A few short notes updating topics familiar to these pages.
First, it’s the 43rd anniversary of the Apollo 11 Moon Landing. As best as I can tell, for once Discovery Channel does not feel the need to repeat the MythBusters episode where they busted several “fake moon landing” myths.
The court case involving the Myriad Genetics tests for genes linked to breast cancer had oral arguments earlier today. The company has patented the two genes for which they conduct the tests. Currently at the Court of Appeals for the Federal Circuit, the case was remanded (kicked back downstairs) by the Supreme Court in March. I wasn’t at the court, but it is interesting to see that James D. Watson, who helped determine the structure of DNA (and was asked about patenting DNA back then), weighed in with an amicus brief. In the brief Watson outlines three main arguments:
- The uniqueness and potential of human genes makes patenting them an unnecessary impediment to benefit everyone. They are more than simple chemical compounds.
- The goal of the Human Genome Project was to benefit everyone, and patenting genes would run counter to that goal.
- The applications of genes – not the genes themselves – are the proper targets for commercialization. To that end, if the court feels it necessary to permit patenting of genes, they should be accompanied by compulsory licenses for research purposes. The discovery of additional genes requires unimpeded access to genetic information.

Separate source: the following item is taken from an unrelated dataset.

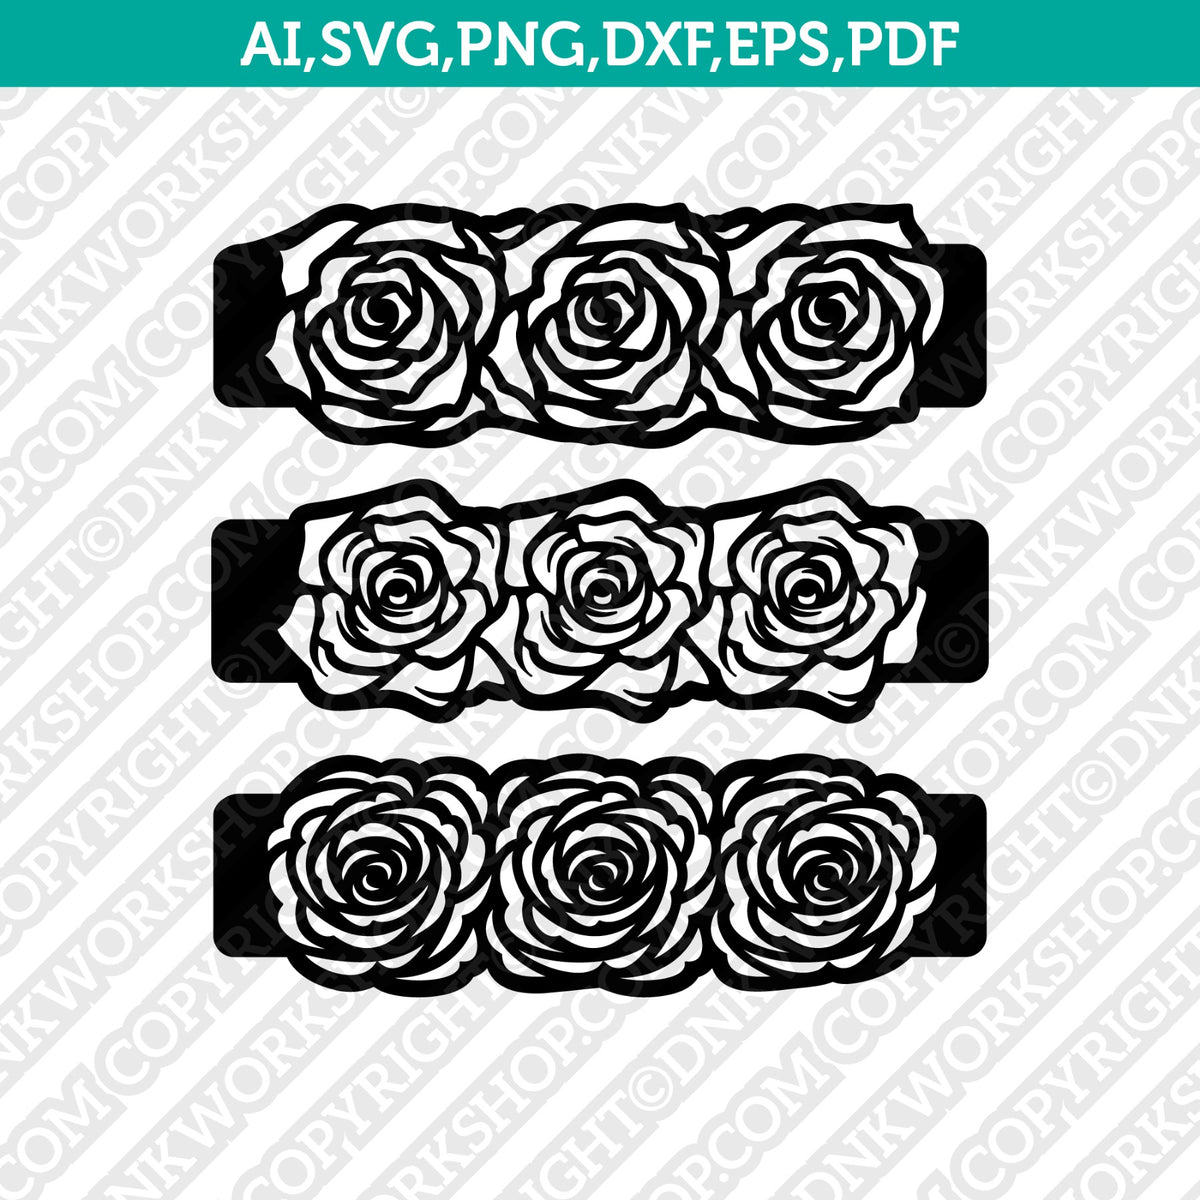 Roses with leaves border svg dxf cut out laser cricut files By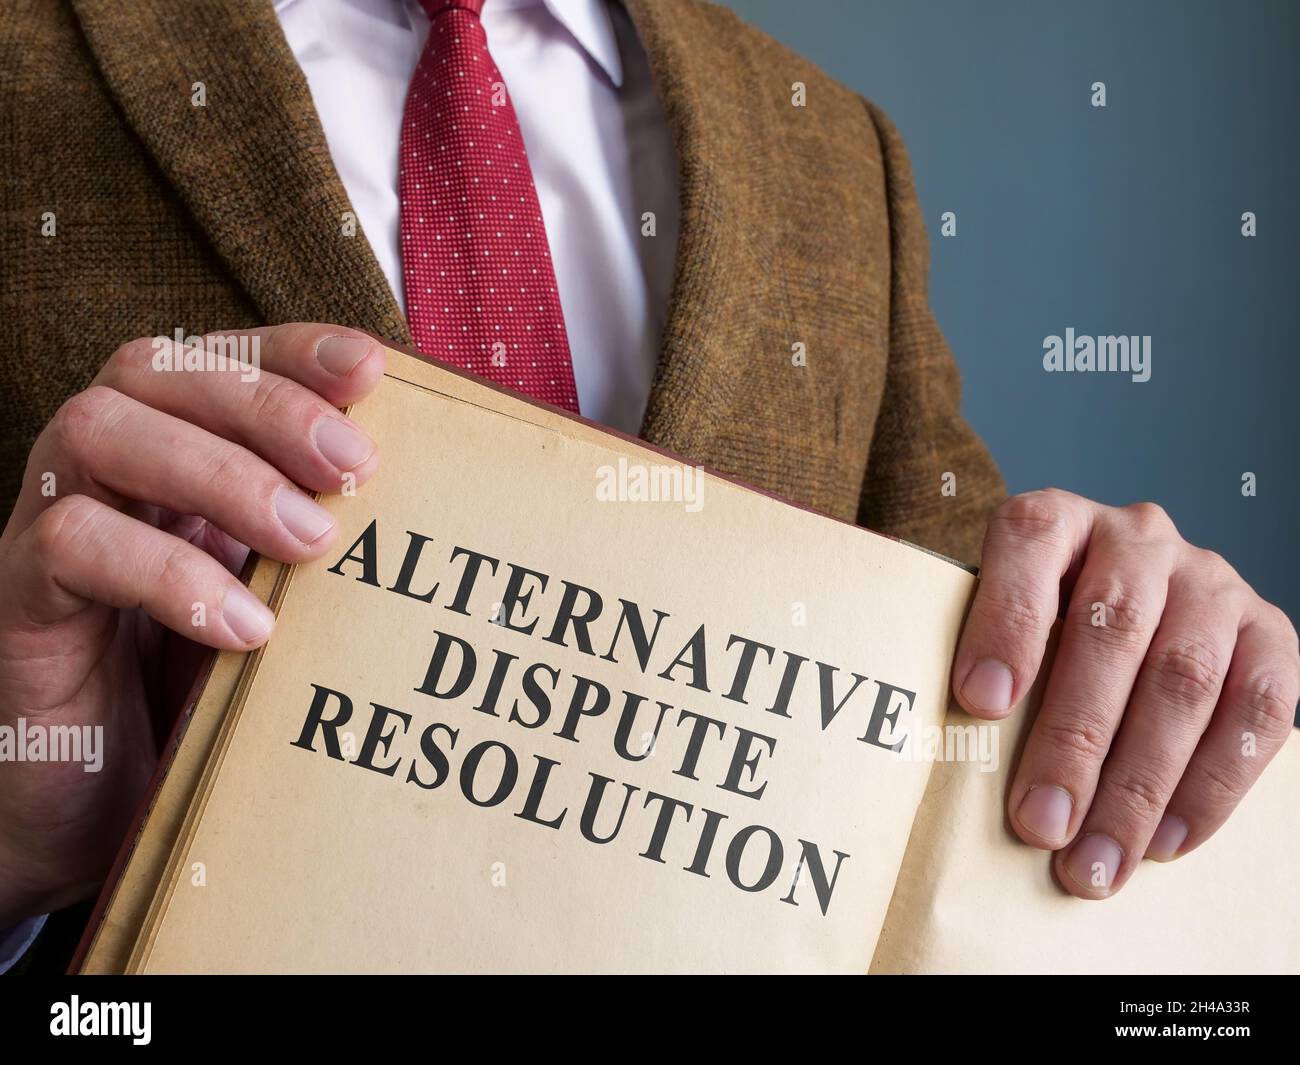 Lawyer shows ADR alternative dispute resolution methods in the book. Stock Photo

The court will not likely rule before the fall.
The House managed to pass a bill connected to rare earth minerals. H.R. 4402 is now with the Senate, where it waits action from the Energy and Natural Resources Committee. This bill is relatively limited, focusing on the regulatory processes connected to permits and environmental assessments, as well as associated court actions. As best as I can tell, no other rare earth mineral bill introduced in this Congress has gotten passed by either chamber. And while this bill has, I don’t expect it to become law, at least this year.